RLHF, in broad strokes do Instruction Fine-Tuning estimate a reward model R(x,y) maximize that reward model Model Preferences as an NLP Problem Train:

\begin{equation} RM_{\phi}(x, y) \end{equation}

which models a human preference scores. Get preference data To get the preference data actually, ask the humans to RANK the rankings. Bradley-Terry Preference Model Suppose a human chose y^{w} over y^{l}. Then, Bradley-Terry Preference Model tells us that a good reward model R will minimize:

\begin{equation} J(\phi) = -\mathbb{E}_{(x, y^{w}, y^{l})} \left[\log \sigma \left(R_{\phi}(x, y^{w}) - R_{\phi}(x, y^{l})\right)\right] \end{equation}

PPO Then, we optimize this:

\begin{equation} \max_{\theta} \mathbb{E}\left[ RM_{\phi}(x, \hat{y}) - \beta \log \left( \frac{P_{\theta}^{RL} (\hat{y} | x)}{P_{\theta}^{orig} (\hat{y} | x)}\right)\right] \end{equation}

we have a penalty term to prevent large drifts. DPO What if there is a way to write R_{\phi}(x,y) directly in terms of p_{\theta}^{RL}(\hat{y}|x)? Our goal is to solve this problem:

\begin{equation} \max_{\theta} \mathbb{E}\left[ RM(x, \hat{y}) - \beta \log \left( \frac{P_{\theta}^{RL} (\hat{y} | x)}{P_{\theta}^{orig} (\hat{y} | x)}\right)\right] \end{equation}

There’s actually a closed-form solution to this!
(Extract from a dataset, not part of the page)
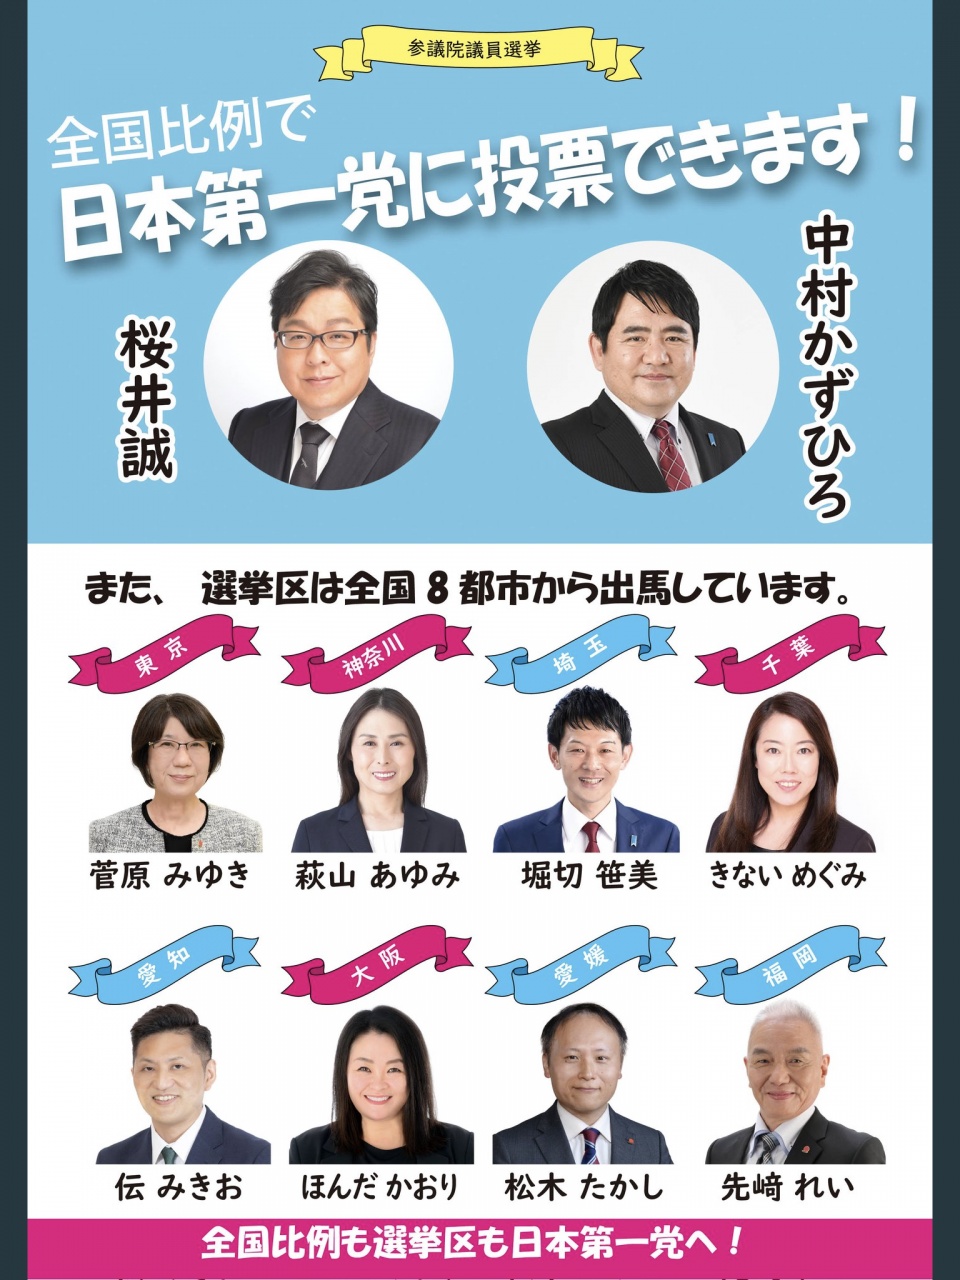 【日本第一党 桜井･中村 比例候補者による遊説予定】
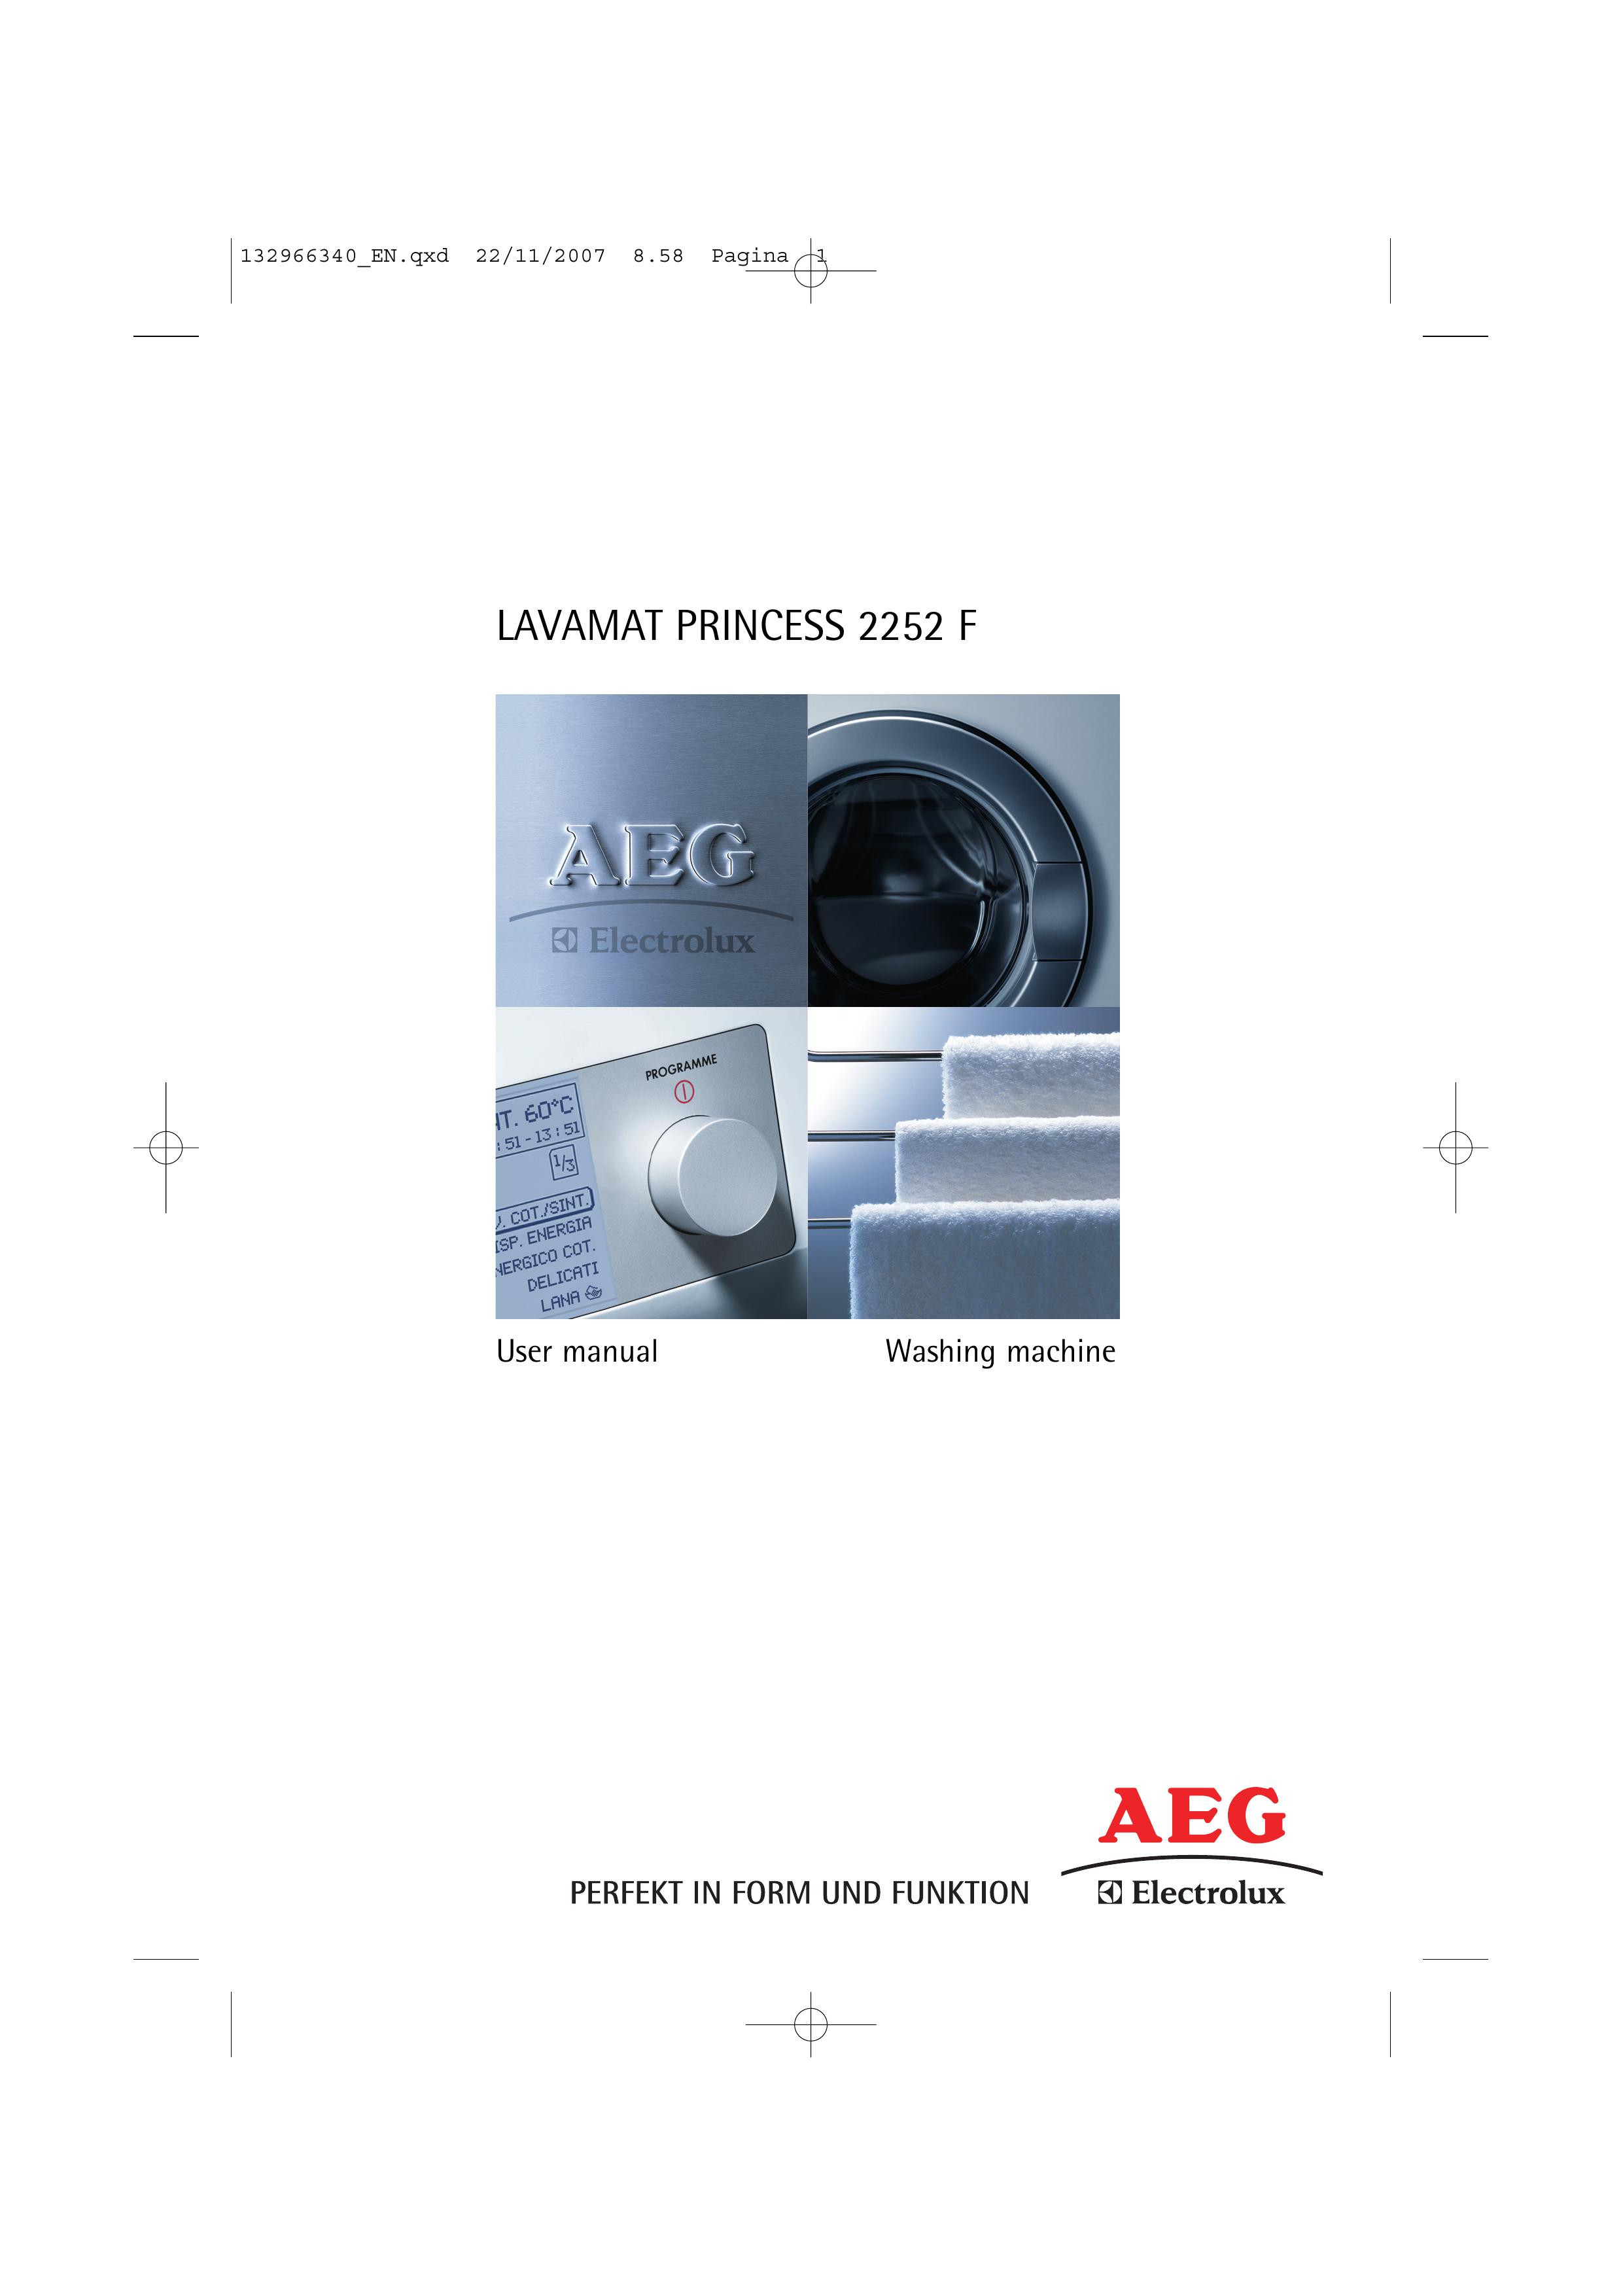 AEG 2252 F Washer User Manual

\begin{equation} p^{*} (\hat{y} | x) = \frac{1}{Z(x)} p^{orig} (\hat{y}|x) \exp \left(\frac{1}{\beta} RM(x| \hat{y})\right) \end{equation}

where Z(x) = \sum_{\hat{y} \in y}^{} p^{orig}(\hat{y}|x). Notice! Computing the normalization term Z is intractable! But first, we rearrange this equation to get:

\begin{equation} RM(x, \hat{y}) = \beta \log \frac{p^{*}(\hat{y}|x)}{p^{PT}(\hat{y}|x)} + \beta \log Z(x) \end{equation}

Now, we want to solve for a p^{*} given reward signal, so let’s parametrize it:

\begin{equation} RM_{\theta}(x, \hat{y}) = \beta \log \frac{p_{\theta}(\hat{y}|x)}{p^{PT}(\hat{y}|x)} + \beta \log Z(x) \end{equation}

(issue: wait, but in the beginning \theta = PT, so \log (1) = 0, and this whole thing is 0…. we will get to that, also Z is still intractable.) Now! Recall Bradley-Terry Preference Model: a good RM_{\theta} should

\begin{equation} \min_{\phi} -\mathbb{E}_{(x, y^{w}, y^{l})} \left[\log \sigma \left(R_{\phi}(x, y^{w}) - R_{\phi}(x, y^{l})\right)\right] \end{equation}

Plugging our expression for RM_{\theta} from an equation ago into here, you’ll notice the Z CANCELLS OUT! And this gives:

\begin{equation} \min_{\theta} -\mathbb{E}_{(x, y^{w}, y^{l})} \left[\log \sigma \left(\beta \log \frac{p_{\theta}(y^{w}|x)}{p_{PT}(y^{w}|x)} - \beta \log \frac{p_{\theta}(y^{l}|x)}{p_{PT}(y^{l}|x)}\right)\right] \end{equation}